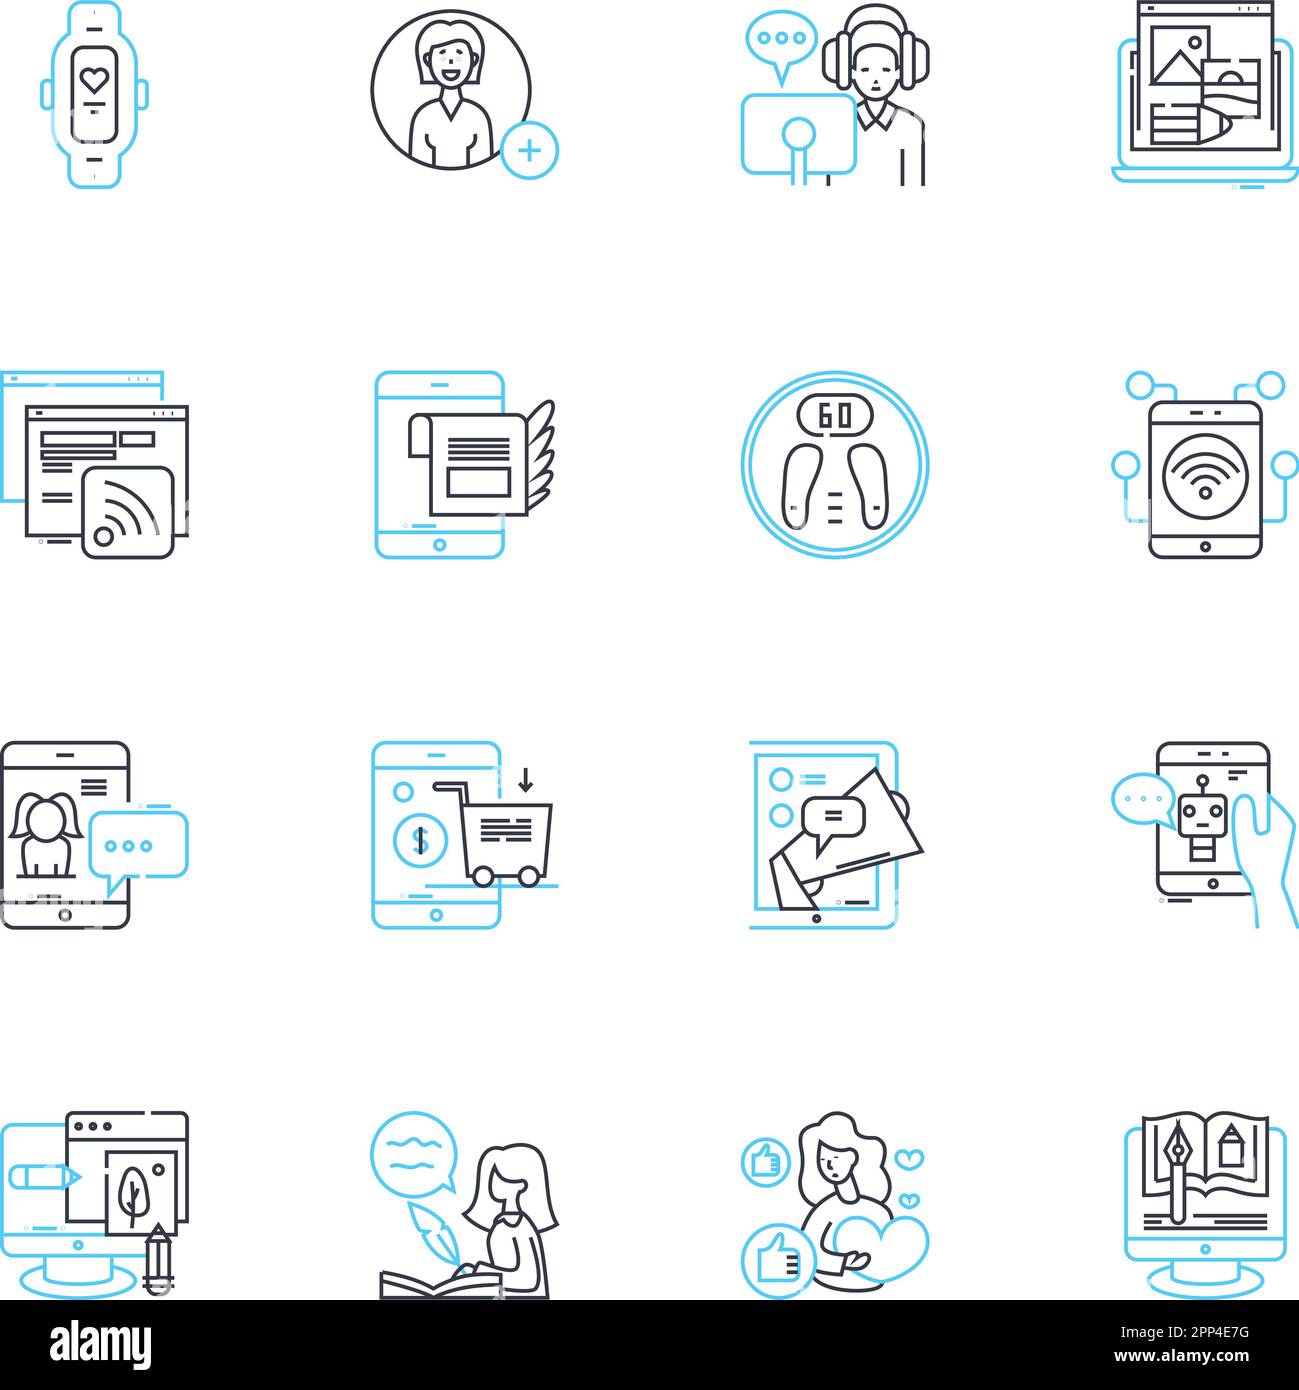 Digital technique linear icons set. Algorithm, Automation, Big data, Blockchain, Cloud, Coding, Cybersecurity line vector and concept signs. Data Stock Vector
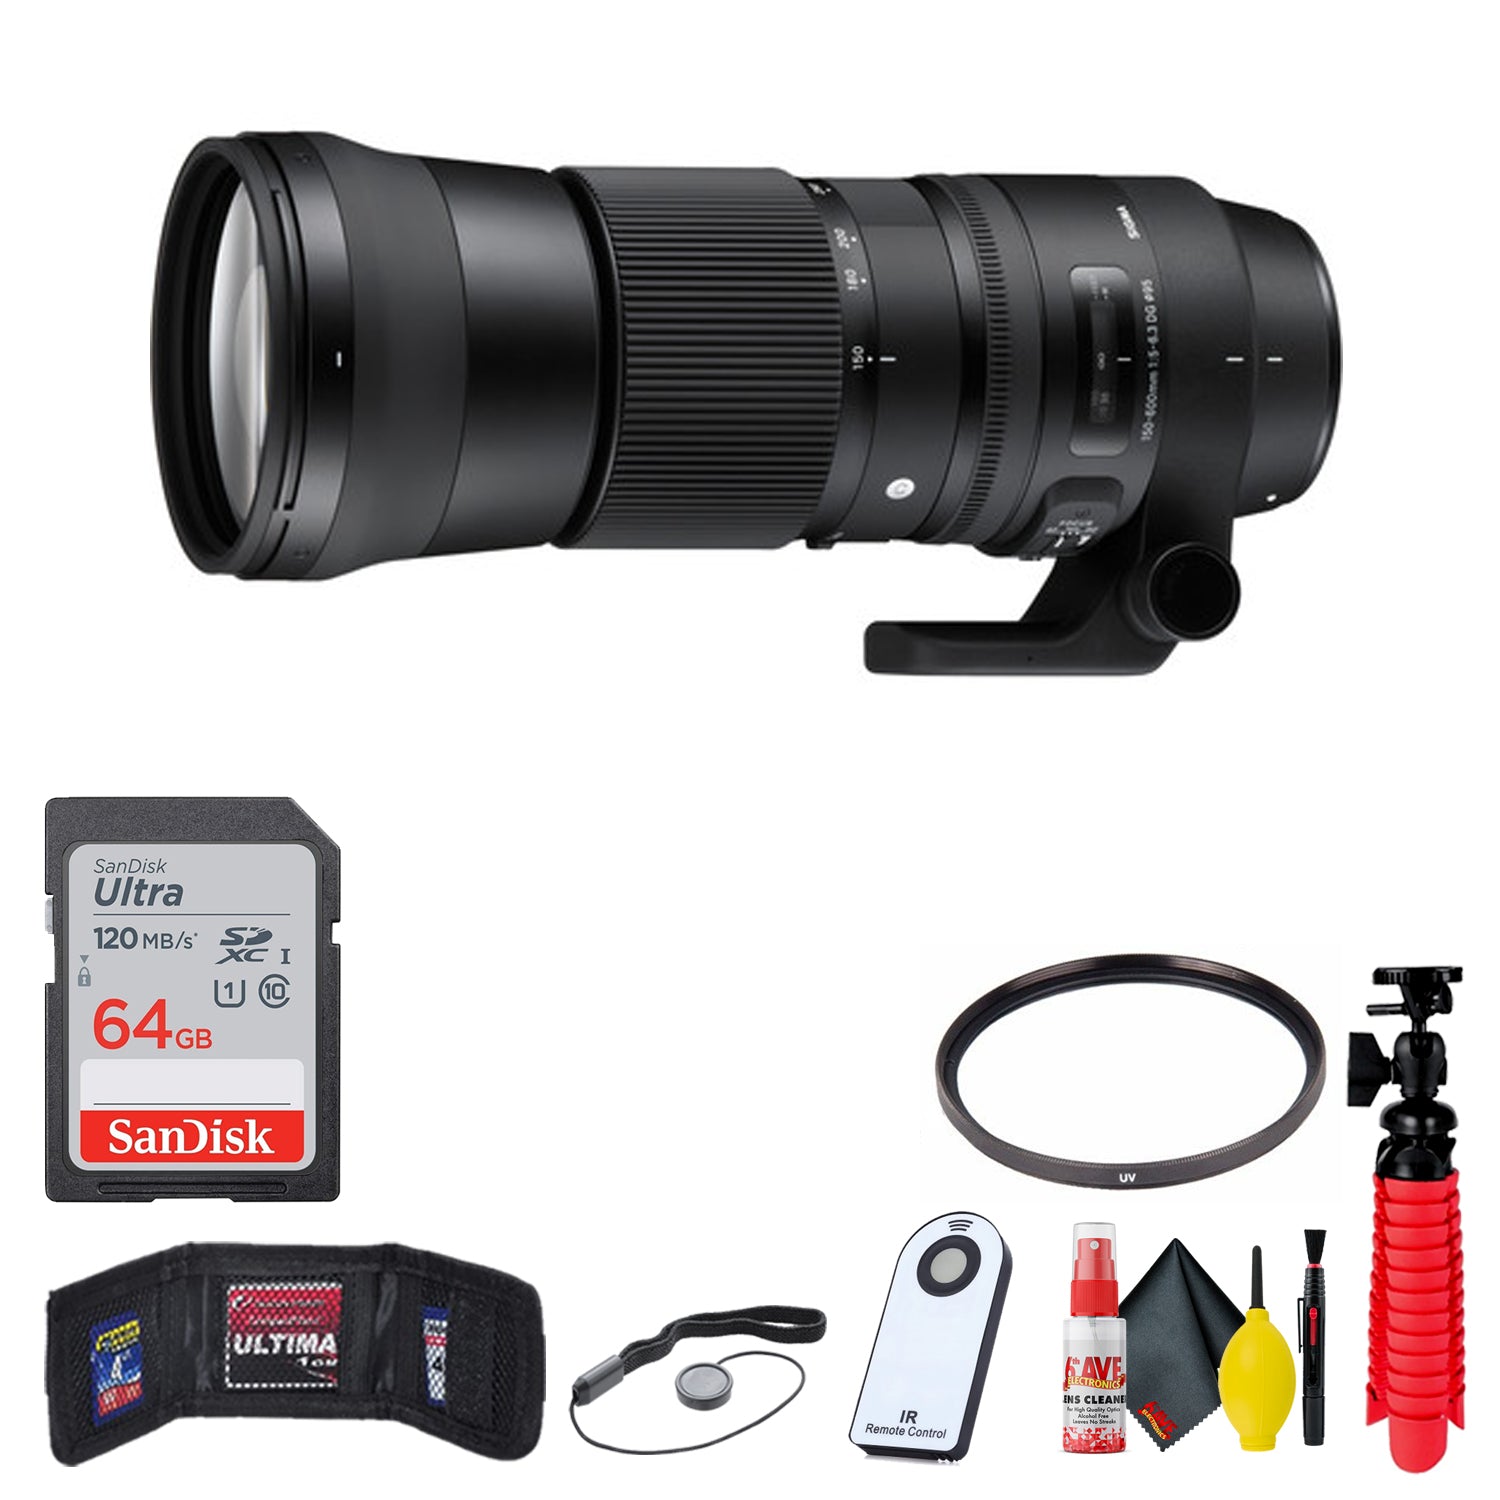 Sigma 150-600mm f/5-6.3 DG OS HSM Contemporary Lens for Canon EF Ultra Bundle
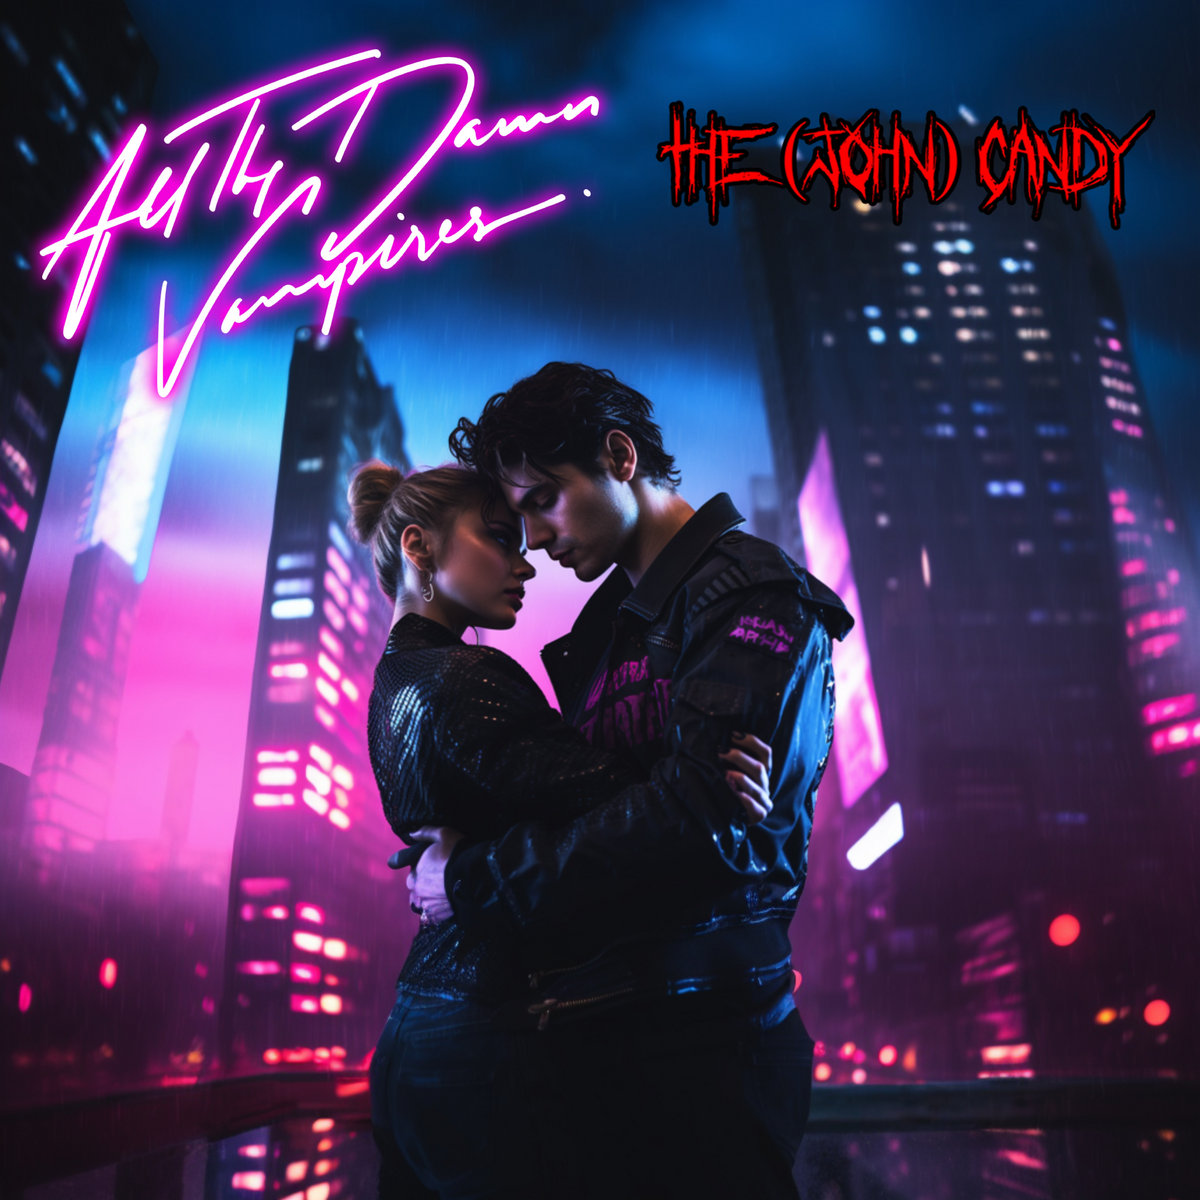 HOT TRACK: “Kiss Me to the Deftones” by All the Damn Vampires and The John Candy
---
§ Exercise details
Transcribe the listing above verbatim. Omit the pictures.

§ Result of the exercise
 Digital technique linear icons set. Algorithm, Automation, Big data, Blockchain, Cloud, Coding, Cybersecurity line vector and concept signs. Data Stock Vector
 Sigma 150-600mm f/5-6.3 DG OS HSM Contemporary Lens for Canon EF Ultra Bundle
 HOT TRACK: “Kiss Me to the Deftones” by All the Damn Vampires and The John Candy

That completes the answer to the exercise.